[SUPPLIED MATERIAL — start]

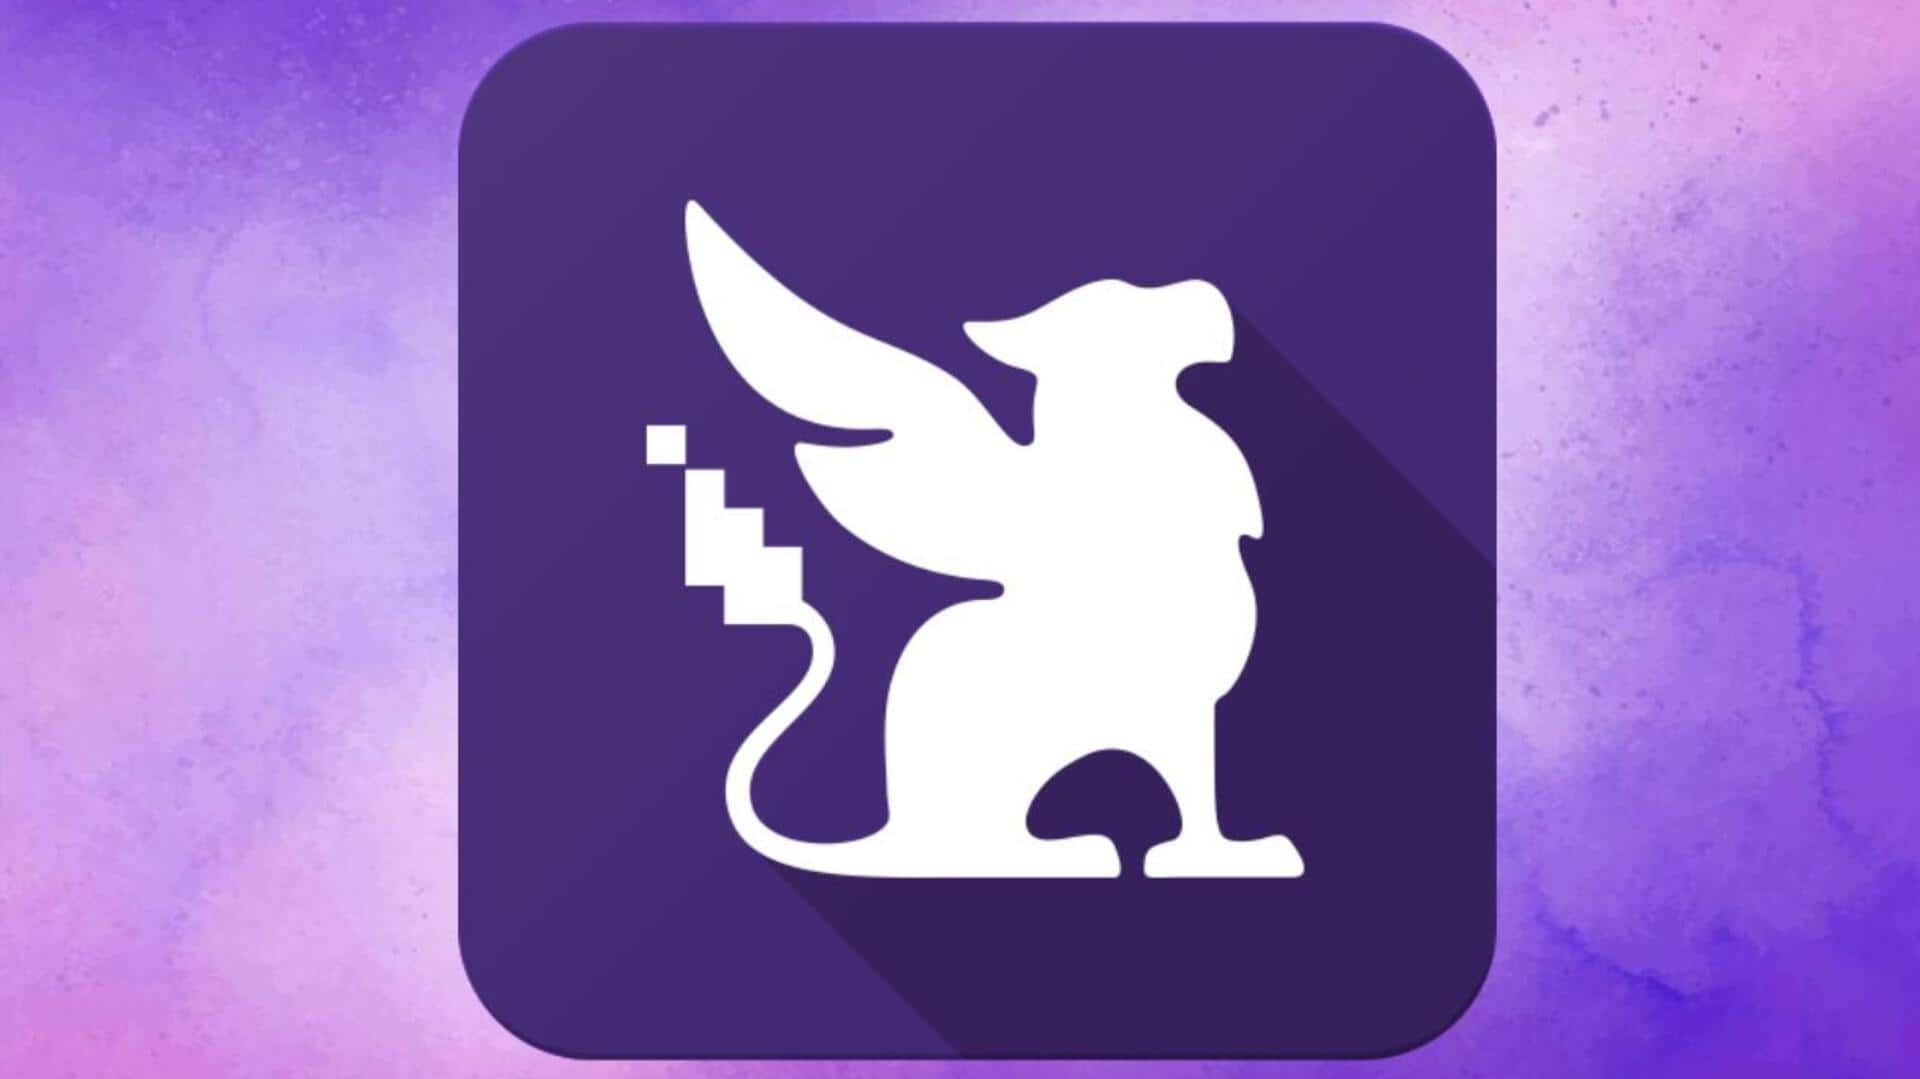 Habitica: An app that improves productivity with engaging games
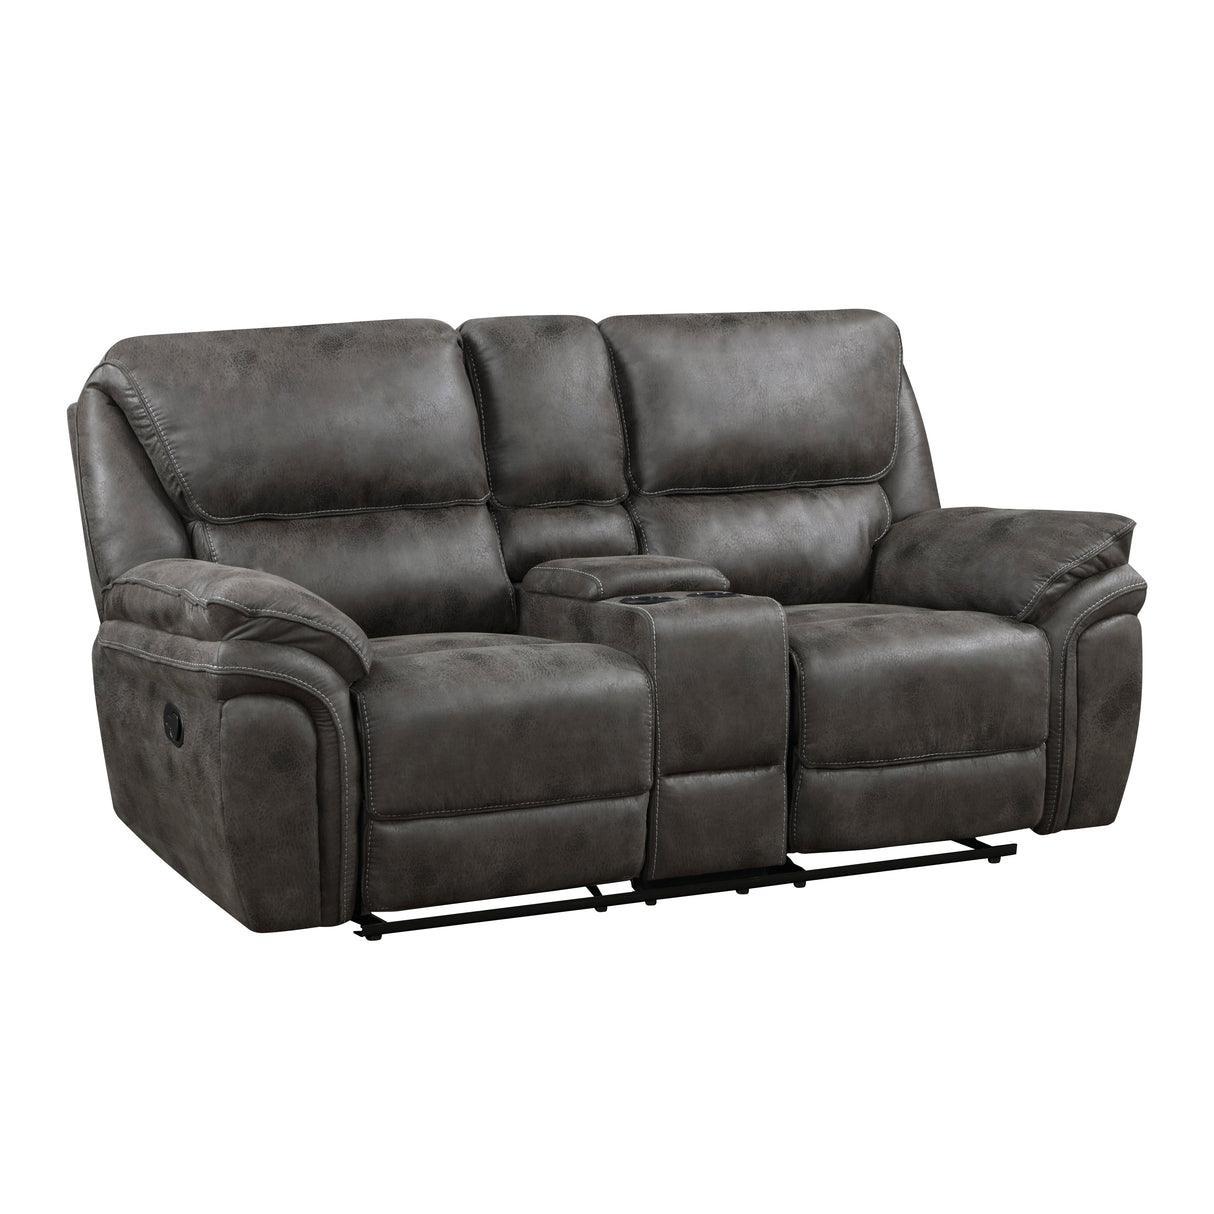 Proctor Gray Microfiber Double Reclining Love Seat with Center Console
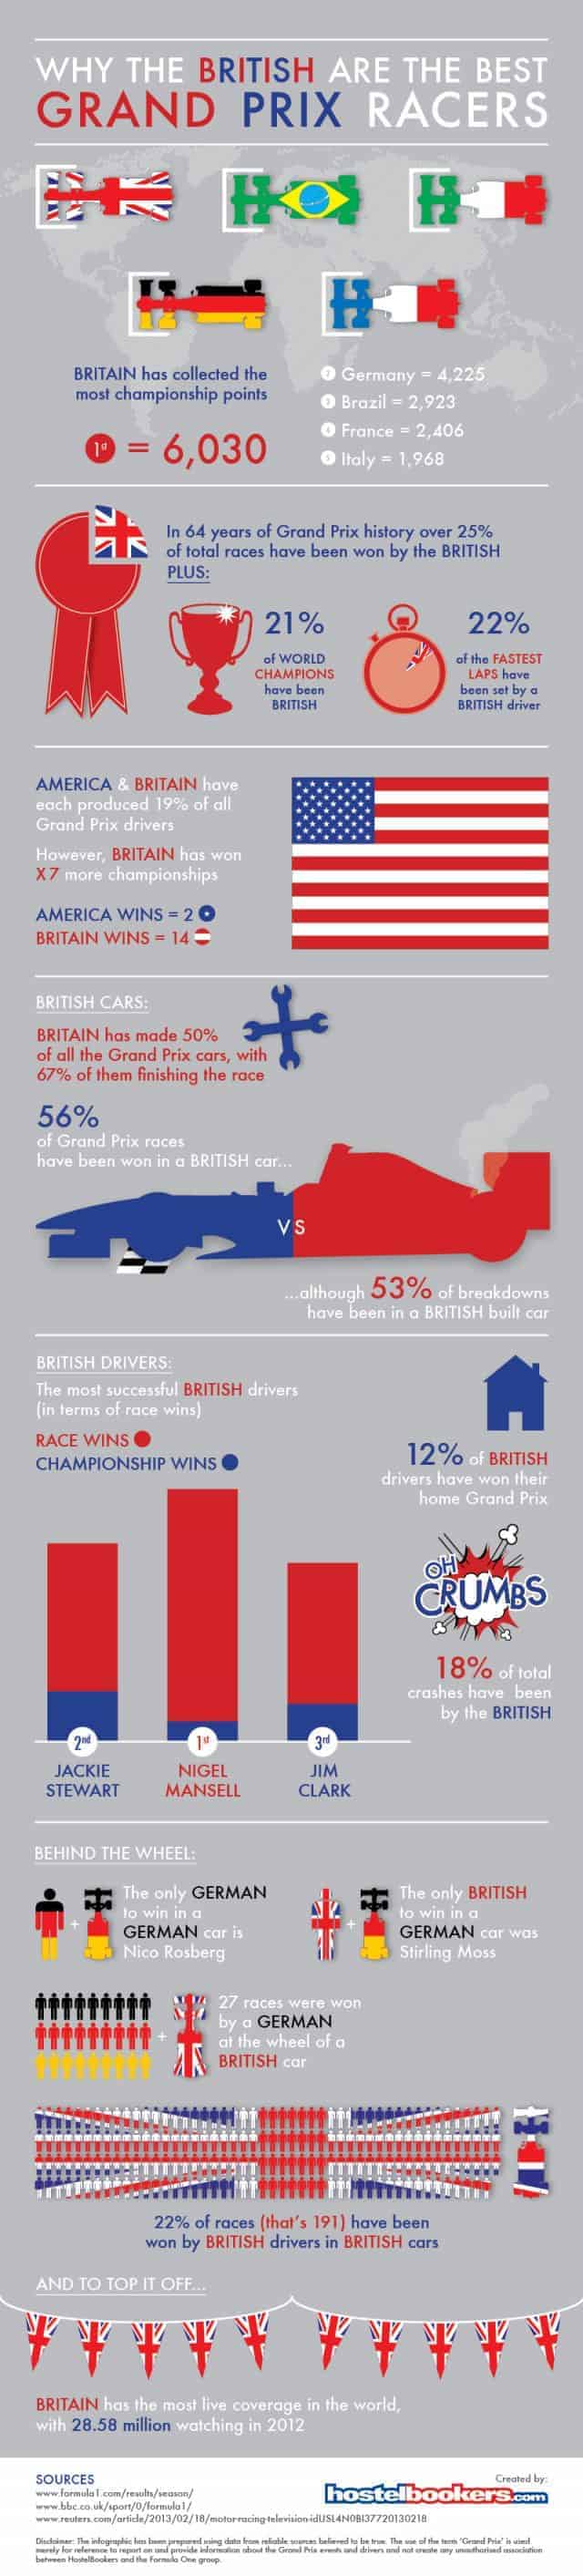 Why British Are The Best Grand Prix Racers

[SUPPLIED MATERIAL — finish]

■ EXERCISE PROMPT
All of the data above needs to be retyped exactly, with the pictures removed.

■ SOLUTION FOR THIS TASK
 Habitica: An app that improves productivity with engaging games
 Proctor Gray Microfiber Double Reclining Love Seat with Center Console
 Why British Are The Best Grand Prix Racers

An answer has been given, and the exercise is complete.